# A Critical Review of Glycine Chronographs



## JohnT (Apr 30, 2005)

I am a big fan of chronographs and Glycine watches, but I am not a fan of Glycine chronographs. Glycine, in my opinion, have not got it right with their chronographs.

Airman 9

When I heard that Glycine were bringing out the Airman 9 chronograph I could hardly wait, when it did come out I nearly threw my computer monitor out of the window! I was so disappointed I could barely bring myself to talk about it. So what is wrong with the Airman 9?

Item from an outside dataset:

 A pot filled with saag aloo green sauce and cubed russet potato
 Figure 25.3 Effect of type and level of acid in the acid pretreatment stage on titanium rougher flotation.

The case, bracelet and the distinct Airman heritage are all fine but the dial is a disaster. The seconds scale is incomplete, I fail to see the point of a chronograph where you cannot tell what the seconds are? If the chronograph second hand stops between 25 and 35 seconds what are you supposed to do? Guess? The tachymeter scale is unnecessary and causes a space problem. Glycine have used the classic Airman arrow hour hand, however on the Airman 9 it obscures the registers at certain times, the hour hand should be an index type hand to get around this problem. There is no continuous seconds sub-dial (normally I do not buy chronographs without a continuous seconds), it is important so that at a glance you can see the watch is running and secondly it allows you to set the watch accurately against a time signal etc. In order to maintain the symmetry of the dial Glycine could have used a cross-hair type continuous seconds sub-dial such as the one used on the Damasko DC56. The use of "Tot Min" and "Tot Hours" on the registers is unnecessary in my opinion and does not add to the looks of the dial at all. My final gripe is that the Airman 9 could not be used as a purist 24 with the current dial layout.










Combat Chronograph

This is almost the perfect chronograph, superb functional dial, great hands, but sadly no continuous seconds sub-dial. This watch would be in my collection now if it had a continuous seconds sub-dial, a Damasko DC56 cross-hair style continuous seconds would work well.










Combat Chronograph 44mm

Oh dear, possibly the most useless chronograph on the market today, function has been totally sacrificed for form, and the form is just horrible. It has a seconds scale that has been eaten away by the minute and hours register and what is the point of having 14, 16, 20, 21 and 22 printed on the dial. It is hardly worth mentioning the lack of a continuous seconds sub-dial.










Grand Carre Chronograph

No major complaints here, not my style though, "Tot Min" and "Hours" spoil the dial a bit.










Lagunare Chronograph

When I first saw this watch my immediate reaction was "wow", then I noticed it has not got a seconds scale at all! What is the point of that? Make's it useless as a chronograph. I could even live without the continuous seconds in order to keep the "Big 9" but can't live without a seconds scale. Another watch I would definitely have bought but for the above.










Ningaloo Reef Chronograph

No real comments, not my style; negatives no continuous seconds.

Stratoforte Chronograph

One of Glycine's best chronographs, negatives, no continuous seconds and superfluous "Tot Min" and "Tot Hour" on the dial.










Stratoforte Complique

In terms of function this is Glycine's best chronograph; dial is a little too busy for me, but nevertheless a great watch.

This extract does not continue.